Voy, vengo, y luego vuelvo a ir pero todavía no ha llegado, así que decido quedarme ahí esperando en vez de seguir dando vueltas. Es uno de esos días bochornosos de septiembre. En la hierba no hay casi nadie por culpa de los exámenes, sólo un grupo de chicas sentadas junto al camino y mirando de refilón a otro grupo de chicos —tres o cuatro, no veo bien de lejos—, que a su vez las mira de refilón a ellas. Ríen. Está nublado. Parece probable que llueva esta tarde.

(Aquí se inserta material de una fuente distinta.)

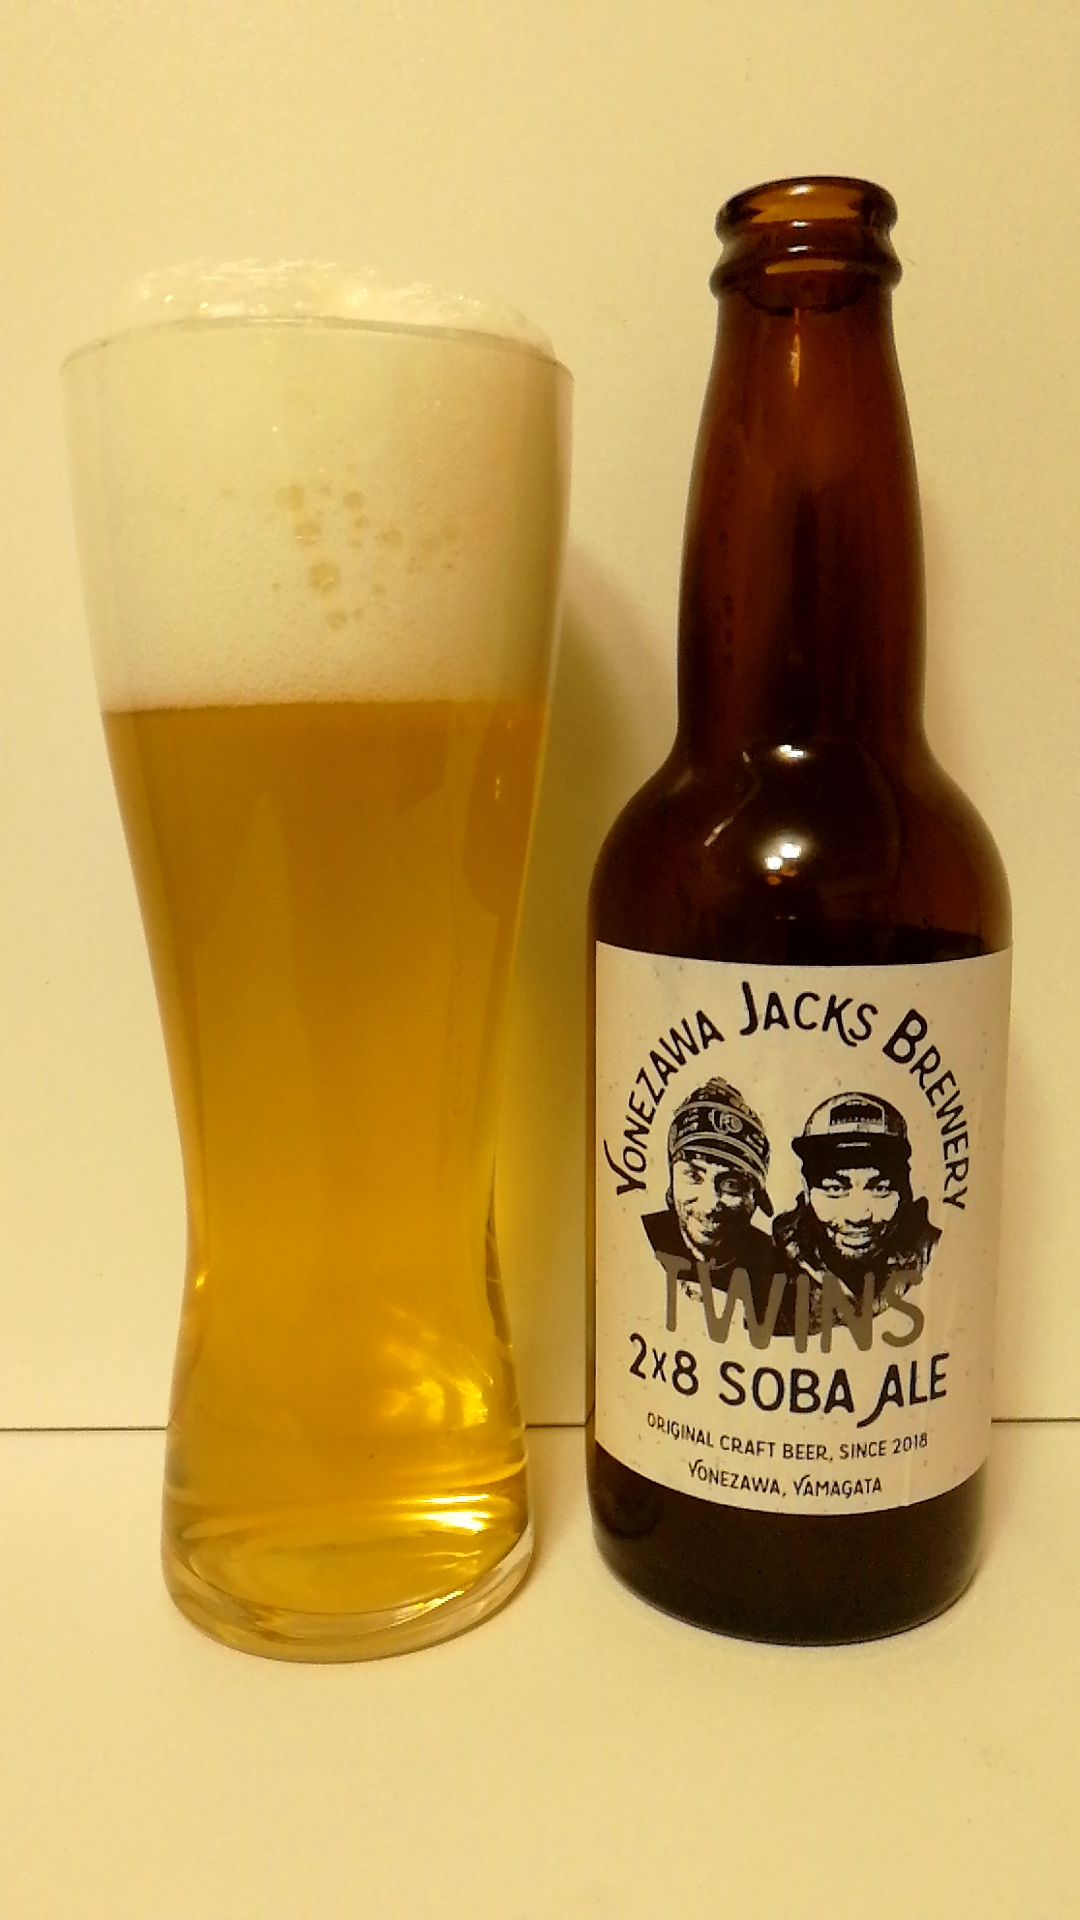 山形 Yonezawa Jacks Brewery 2×8 SOBA ALE「ツインズ

Enciendo un cigarrillo, cojo la libreta, con las páginas todavía algo pegajosas y agrietadas por el agua del otro día y empiezo a escribir: «Cuando llueve en Cantoblanco, Patricia parece un poco más sirena y menos sardina, y el pelo se le moja, acaba cayéndole sobre la cara, y vuelve a sonreír, con sus ojos verdes mirándome como si estuviera aún más confusa que yo...».

A mi lado se sienta una pareja; se dan un beso corto; luego se quedan mirando un buen rato hasta que él sonríe, la chica también sonríe y se van a besar otra vez cuando ella dice: «Creo que va a llover, a lo mejor no fue buena idea venir aquí» y él hace un gesto de resignación, «si quieres, nos vamos», y se besan otra vez, pero no se van sino que siguen mirándose y besándose a intervalos. Decido volver a la cafetería porque es verdad que probablemente llueva y además no creo que Patricia llegue hasta y media; pido otra cerveza y me vuelvo a sentar en la misma mesa de antes desde la que puedo ver si llega o no. Miro el reloj: son las seis y veinte, si el examen empezó a las cuatro no creo que pueda tardar mucho más. Intento relajarme sin éxito con la idea de que si no viniera tampoco pasaría nada, me termino rápidamente la cerveza y vuelvo a salir al césped.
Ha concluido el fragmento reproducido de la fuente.